The producers or firms are faced with scarcity of resources also involved in making choice, so the concept of opportunity cost is relevant to them.it guides businessman in deciding how best to use the available productive resources. For example if a firm with limited capital resources decides to invest in textile production instead of shoe production. The real cost to the firm is the shoe production which is foregone.
A GOVERNMENT
The concept of opportunity cost is also relevant to the behaviour of the government. This because the government also has limited resources at its disposal and so cannot carry out all the proposed project at the same time.

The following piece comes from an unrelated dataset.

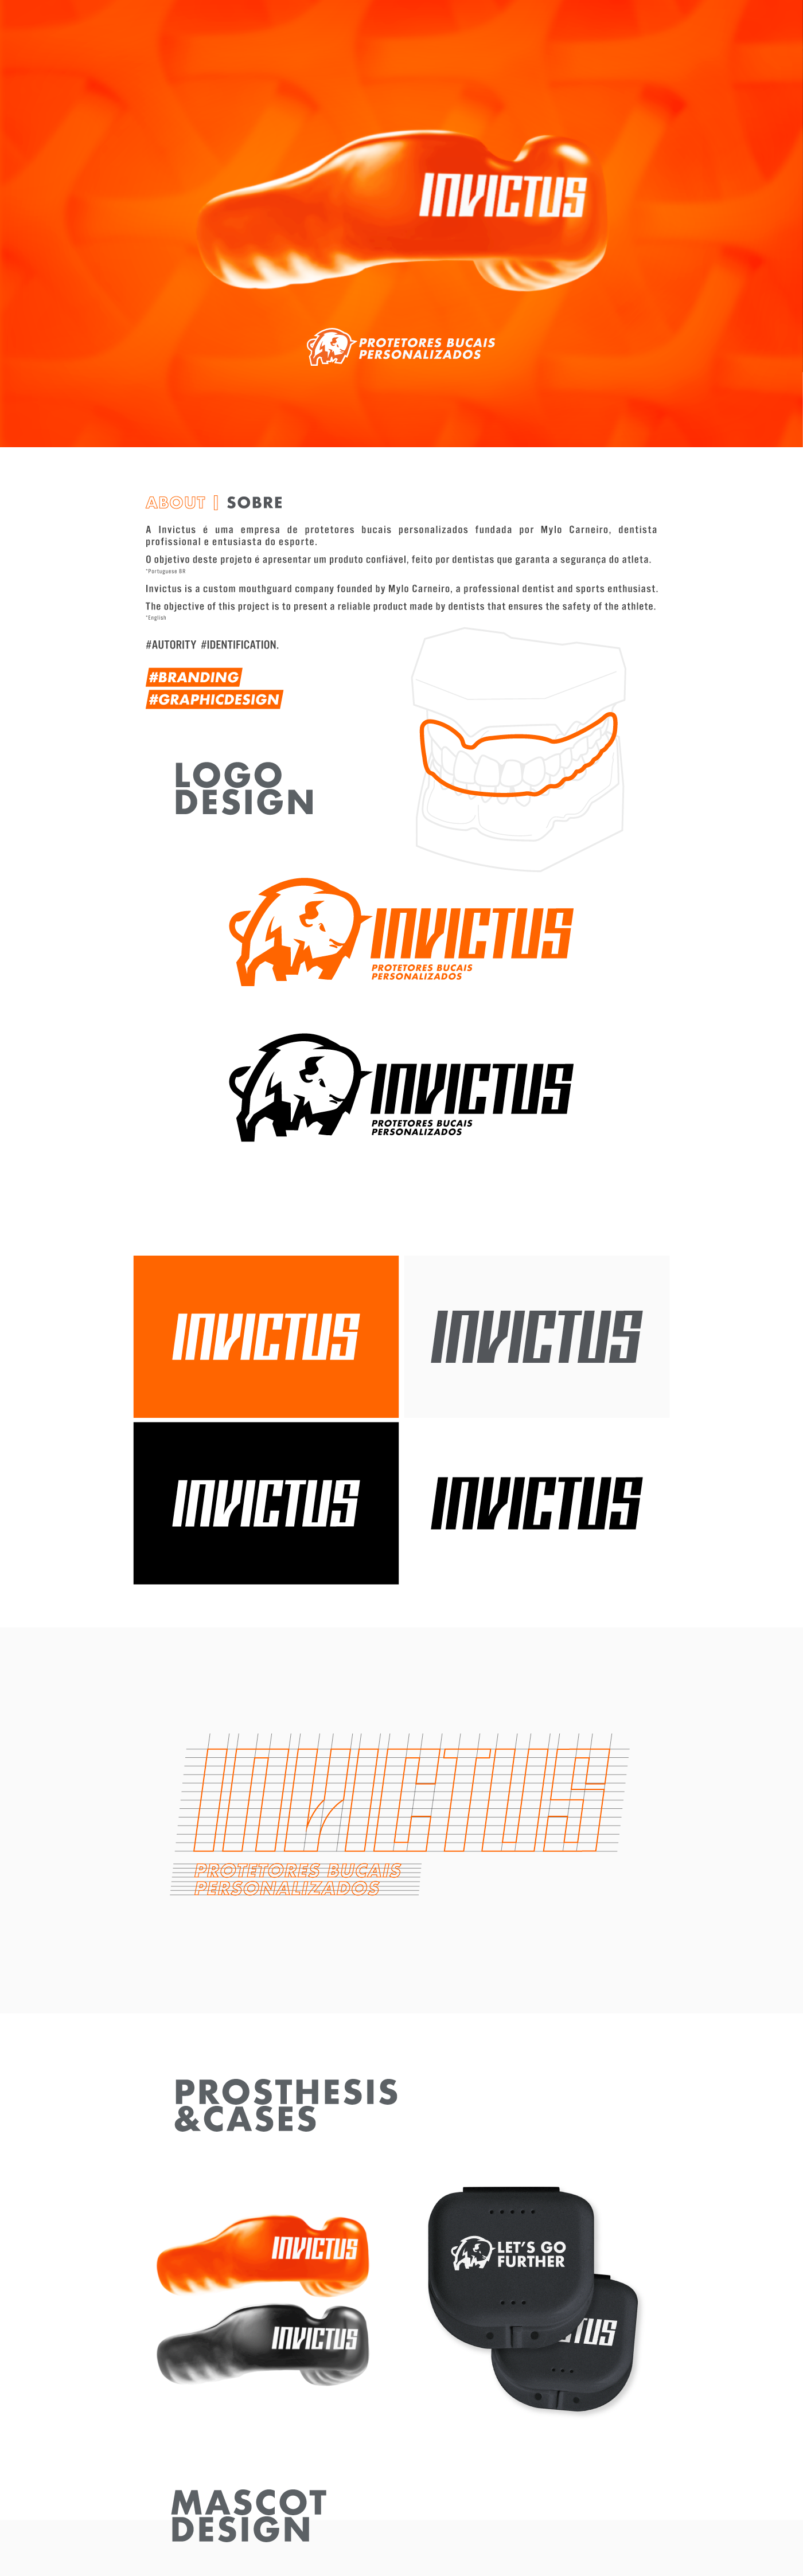 Mouthguard sport brand Invictus Mascot bison logo

The concept helps the government in deciding how best to use it’s revenue.
ASSIGNEMNT:
Explain the concept of opportunity cost
WEEK 5
BASIC ECONOMIC PROBLEMS OF SOCIETY
In every economic system, what to produce, how to produce, for when to produce and efficiency of the resources used or efficient use of resources are major problems. These problems are peculiar to every system be it socialism, capitalism or mixed economy.
WHAT TO PRODUCE
Firms, households, and the government are faced with the problem of deciding on the types of goods and services to produce for society. This problem arises mainly as a result of the fact that human wants are unlimited relative to the available resources.
It is practically impossible to produce all human wants or needs hence; there is a need for resources allocation in order to meet the pressing needs of the people
FACTORS WHICH DETERMINE WHAT TO PRODUCE
A.Consumers’ need
B.Marker demand
C.Consumer Income
D.Cost of production
E.Types of economy
HOW TO PRODUCE
Producers have to decide on the technique of production. The decision to produce importees determining the resources to be used those to produce these commodities and the production techniques or methods to be used.
Two main methods of production are Labour intensive and capital intensives, can be adopted.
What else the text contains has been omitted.